他想起阿諾德冰冷僵硬的嘴唇,還有診所裏清涼的空氣和藥茶。那原本該比最寒冷的春天更有故鄉的錯覺,可米哈伊爾總覺得很熱。

他不明白醫生為什麽說那是不對的,醫生在躲著他。這讓他很委屈,只是一個吻,他撞見過理查德在幽會心愛的女孩時親吻她的嘴唇,也見過伊森和貝托在烈陽城的窄巷裏繞著一起長大的女孩嘰嘰喳喳說個沒完,然後紅著臉躲到樹影斑駁的圍墻後面去。

難道阿諾德在做的是躲到圍墻後面去那一部分嗎?

不,等等,我是去問話的。他不該把那些可憐人扔在外面,他們沒有過夜的錢,甚至沒有吃飯的錢。哪怕平民一天吃兩餐,還帶了面包和水,那晚上睡哪裏呢?卡拉鎮的小教堂在今天之前甚至不收留人過夜,那位牧師瀆職了,該把他趕出去。

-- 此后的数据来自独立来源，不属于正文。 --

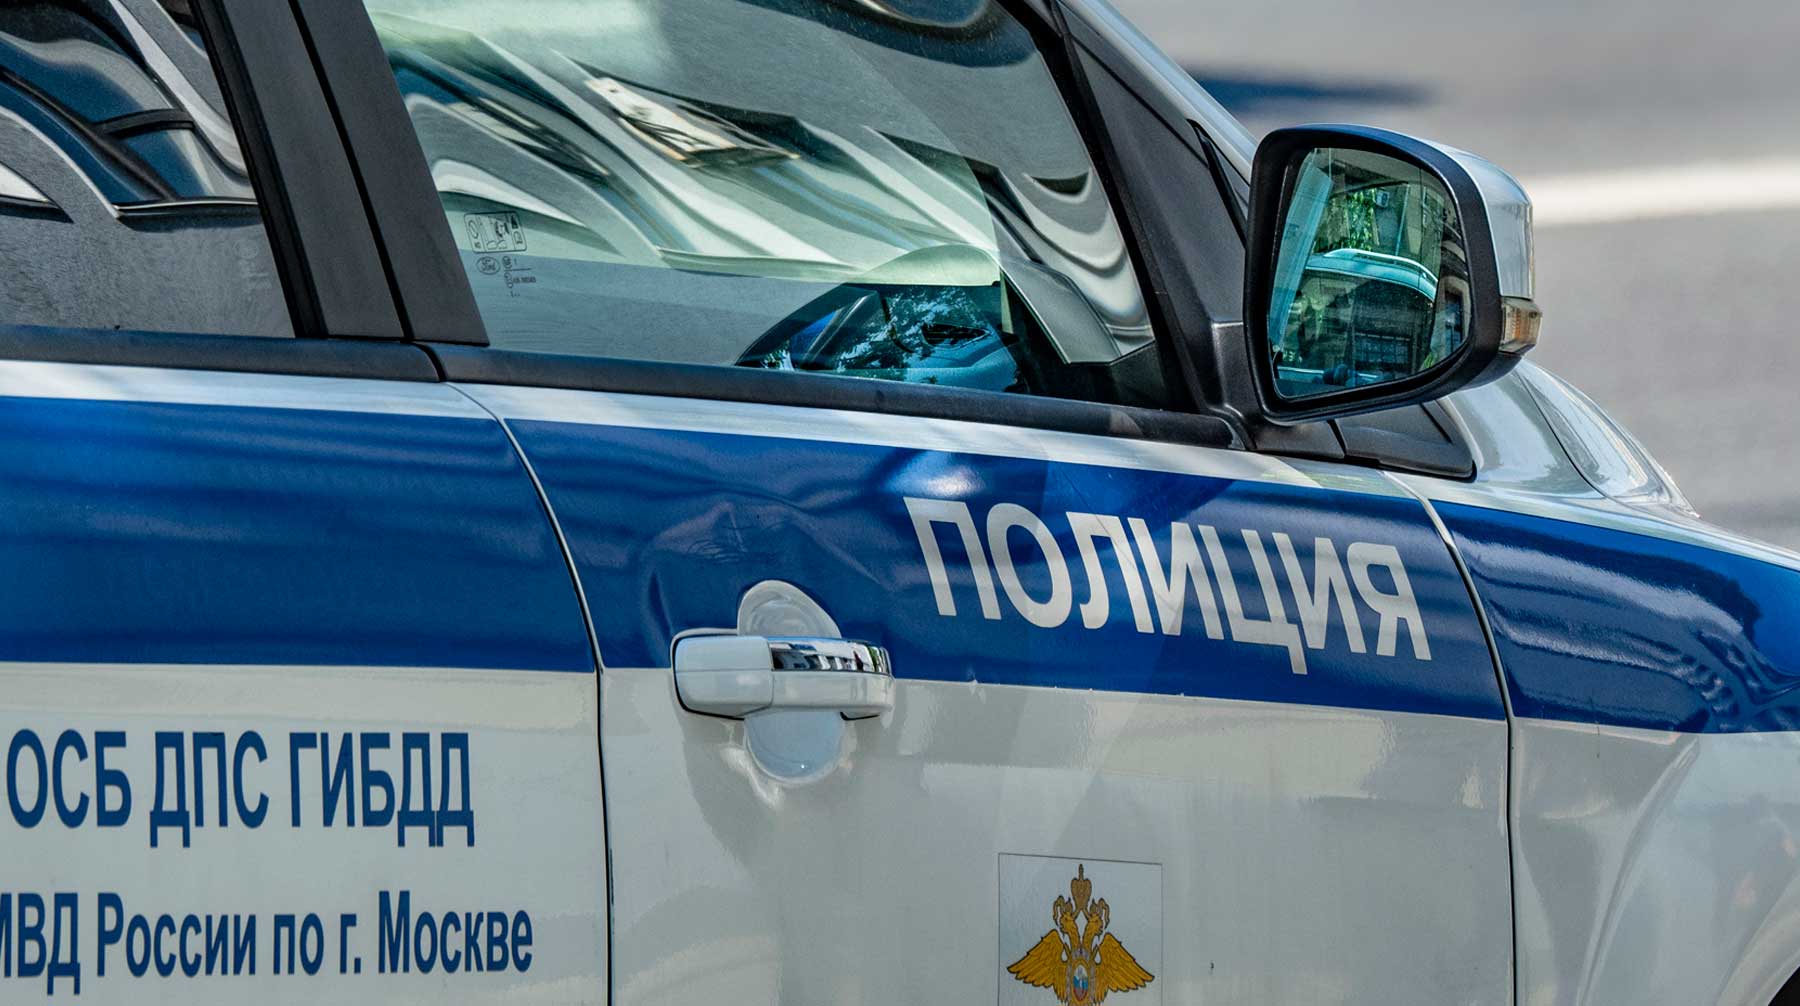 На месте происшествия работают следователи, прокуратура, медики и полиция Фото: © Global Look Press / Konstantin Kokoshkin

米哈伊爾再次敲響房門。阿諾德猶豫著開了條縫,聳著鼻尖嗅了半天,才放他進門。

“您……”

“我怕臟。”阿諾德打斷道,“受不了。個人愛好。可是說到底,大家都該愛幹凈一些,這才是最好的防疫手段。”

“您連麻風病人都不怕。”

“疾病和臟汙不是一回事。”

兩人的心情都不太好,最後還是米哈伊爾先好脾氣地轉移話題:

“您今天收了很多聖約翰草。”

“是啊。它們讓人心情愉快。”阿諾德幹巴巴地說著,抓起一把金黃色的小花,“雖然沒有大麻那麽強烈,但毒性也低。”

“它們是做什麽用的?”

“讓人心情愉快。”阿諾德重覆了一遍,拍拍床沿坐下,把椅子讓給米哈伊爾,“讓倒黴蛋更想活下去。”

“誰不想活下去呢?”

阿諾德面無表情地看著他,米哈伊爾閉上了嘴。過了一會兒,少年放軟聲音,哀求道:

“阿諾德,你要生我的氣,也該告訴我原因呀。”

“我說過了,您不該做那種事。”

“我喜歡您。”

“再怎麽樣您也不該親吻……一位男性。”

“波托西的確沒有這樣的禮節,可您祖上是巴力王國的,那邊很常見……”

“禮節,那是禮節。米沙,您兩次親吻我是出於禮節嗎?”

米哈伊爾認真地看著他。他可以理解阿諾德的意思,可阿諾德看起來希望他否認。

於是他爽朗地笑了笑:“不。因為我喜歡您。就像理查德愛他的——”

作者有話說:

備註一下,這裏的約翰算是玩梗吧。下章要提到庫帕拉節,現實俄羅斯有庫帕拉節,後來和基督教的施洗約翰生日重合了,本來是七月七日不過這裏改成815,八月節,現實中也是有的,好像是社畜放假。聖約翰草的約翰也是施洗約翰。但本文出現的約翰只是一個普通的聖徒,太陽神教會也不信三位一體。